# Antimode 8033 with SMS-1



## vinodk (Sep 29, 2008)

Has anybody used 8033 & SMS-1 together? I currently have SMS-1 but it doesn't do much in time domain. I was wondering if I can place both in signal path & use 8033 to do primary equalization & use SMS-1 for presets, volume control, crossover, subsonic filter & final tweaking of the curve. Would this combo cause more latency & problems?:scratch:


----------



## sub_crazy (Nov 17, 2007)

I am currently using a a DCX2496 in line with a SMS-1 and I don't see any problems. I would think having the 8033 the last link in the signal before the amp would be best.

I have heard that using REW can calculate the proper EQ figures to plug into the SMS-1 which include corrections in the time domain. I have never done it my-self though so you might want to check the REW forum here at the shack and find out more.


----------



## Phillips (Aug 12, 2011)

vinodk said:


> Has anybody used 8033 & SMS-1 together? I currently have SMS-1 but it doesn't do much in time domain. I was wondering if I can place both in signal path & use 8033 to do primary equalization & use SMS-1 for presets, volume control, crossover, subsonic filter & final tweaking of the curve. Would this combo cause more latency & problems?:scratch:


I have heard that using REW can calculate the proper EQ figures to plug into the SMS-1 which include corrections in the time domain. I have never done it my-self though so you might want to check the REW forum here at the shack and find out more.[/QUOTE]
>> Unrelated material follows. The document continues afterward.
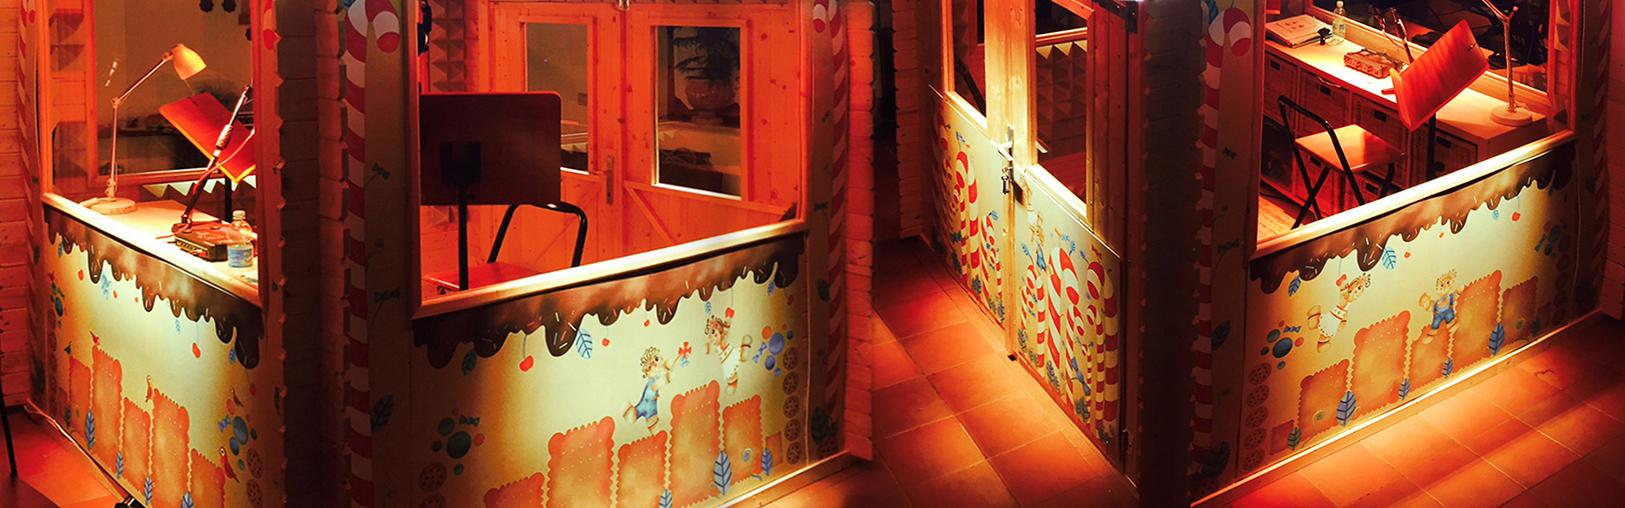 Double Arhc:la Casa Zuccherosa

Hi i have the Velodyne DD series which bascially has the SMS -1 built in to it.

I would first reccomend using REW to suggst filters for the SMS -1, which will give the Q settings. 

In REW there is a auto eq. I also played around with the manual eq (REW) and watched the waterfall graph change to fine tune.

This for me worked really well. i remeasured and it was greatly improved.


----------



## vinodk (Sep 29, 2008)

I am looking for something thats easy to use without much learning curve. Hopefully this combo works out well.


----------



## epereira (May 12, 2008)

A few years ago I had an SMS and AntiMode is series on my system. I really didn't see any advantage to using both together. I sold the AntiMode, then sold the SMS and re-purchased the AntiMode. Now I have a couple of different units - the Neptune EQ and an SVS AS-EQ1 and the AntiMode sits in the closet (BTW, all three of these are going up for sale as I recently purchased an AV processor that has MultEQ XT32).


----------



## Phillips (Aug 12, 2011)

I have the ASEQ-1 as well, and have tried different setups.
1. Velodyne DD (SMS-1) on its own
2. Velodyne DD (SMS-1) and ASEQ-1 
3. ASEQ-1 on its own

I tend to go back and forward. I see the SMS-1 adjustments as reference in my setup. 
The SMS-1 is manual adjustable and able to pinpoint the modes via Q. 
The ASEQ-1 was not able to reduce the mode energy as much as the SMS-1, at least in my setup. Together they sound good but not as good as the SMS-1 on its own.

Adjusting the SMS-1 with REW is extremely easy, you will be rewarded for your time. 

The flexibility in the SMS-1 is great as well.

Of course this is my opinion.


----------



## vinodk (Sep 29, 2008)

I am wondering if SMS needs to be placed before or after Antimode to visualize what Antimode is doing to the subs. I am guessing I need to place SMS before Antimode in the chain. I plan to use SMS as digital crossover & volume control for my passive subs.


----------



## sub_crazy (Nov 17, 2007)

I have my DCX2496 after the SMS-1 and it works fine that way, I am not sure if it really matters though. I only do it that way as I only have a RCA sub out so that goes into the SMS-1 which then sends a XLR out to the DCX2496.


----------